My question is are there any downsides (besides having to manually free the allocated memory later) to this function? What would you do to improve it?
char *getstr(void)
{
char *str = NULL, *tmp = NULL;
int ch = -1, sz = 0, pt = 0;
while(ch)
{
ch = getc(stdin);
if (ch == EOF || ch == 0x0A || ch == 0x0D) ch = 0;
if (sz <= pt)
{
sz++;
tmp = realloc(str, sz * sizeof(char));
if(!tmp) return NULL;
str = tmp;
}
str[pt++] = ch;
}
return str;
}
After using your suggestions here is my updated code, I decided to just use 256 bytes for the buffer since this function is being used for user input.
char *getstr(void)
{
char *str, *tmp = NULL;
int ch = -1, bff = 256, pt = 0;
str = malloc(bff);
if(!str)
{
printf(\nError! Memory allocation failed!");
return 0x00;
}
while(ch)
{
ch = getc(stdin);
if (ch == EOF || ch == '\n' || ch == '\r') ch = 0;
if (bff <= pt)
{
bff += 256;
tmp = realloc(str, bff);
if(!tmp)
{
free(str);
printf("\nError! Memory allocation failed!");
return 0x00;
}
str = tmp;
}
str[pt++] = ch;
}
tmp = realloc(str, pt);
if(!tmp)
{
free(str);
printf("\nError! Memory allocation failed!");
return 0x00;
}
str = tmp;
return str;
}
It’s excessively frugal IMO, and makes the mistake of sacrificing performance in order to save infinitesmal amounts of memory, which is pointless in most settings, I think. Allocation calls like realloc are potentially laborous for the system, and here it is done for every byte.
It would be better to just have a local buffer, say 4KB, to read into, then allocate the return string based on the length of what is actually read into that. Keep in mind that the stack* on a normal system is 4-8MB anyway, whether you use it all or not. If the string read turns out to be longer than 4KB, you could write a similar loop that allocates and copies into the return string.
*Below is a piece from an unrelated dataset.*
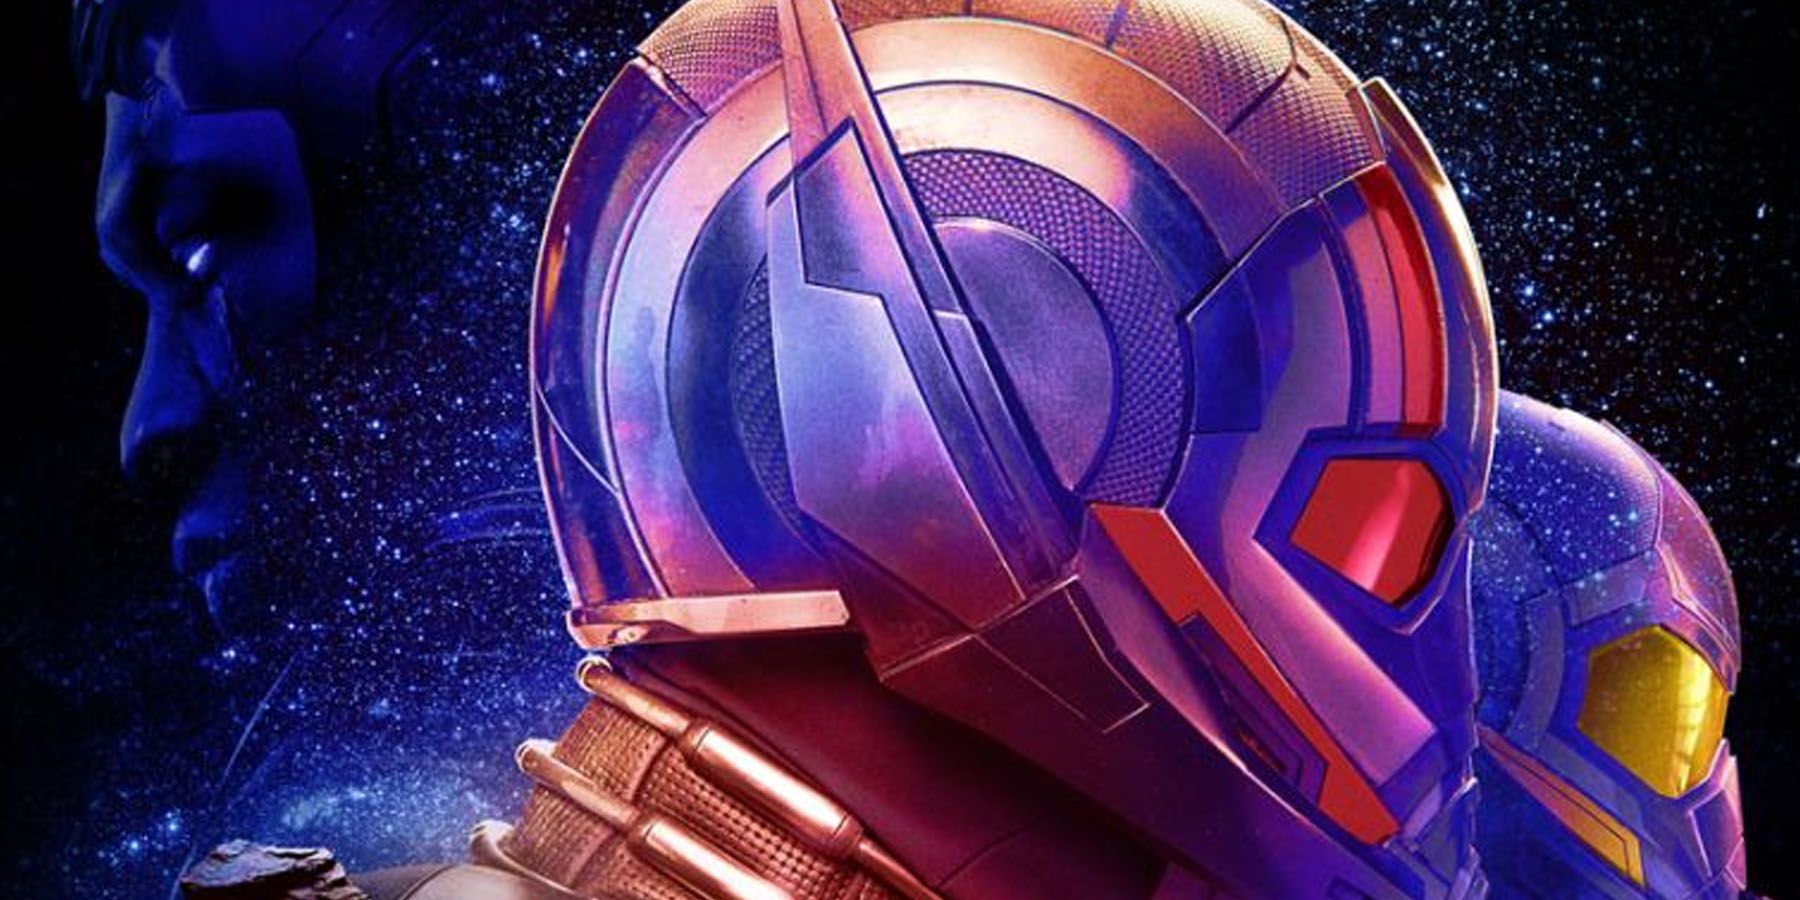 Quantumania Hints The Film Reveals About The Greater MCU

So a similar idea, but heap allocation would occur every 4096 bytes rather than every byte, so, eg, you have the initial buffer of 4096, when that is exhausted you malloc 4096 for the return string and copy in, continue reading into the buffer (from the beginning), and if another 1000 bytes is read you realloc to 5097 and return that.
I think it is a common mistake of beginners to get obsessed with minimizing heap allocation by approaching it byte by byte. Even KB by KB is a little small; the system allocates in pages (4 KB) and you might as well align yourself with that.
*the memory provided for local storage inside a function.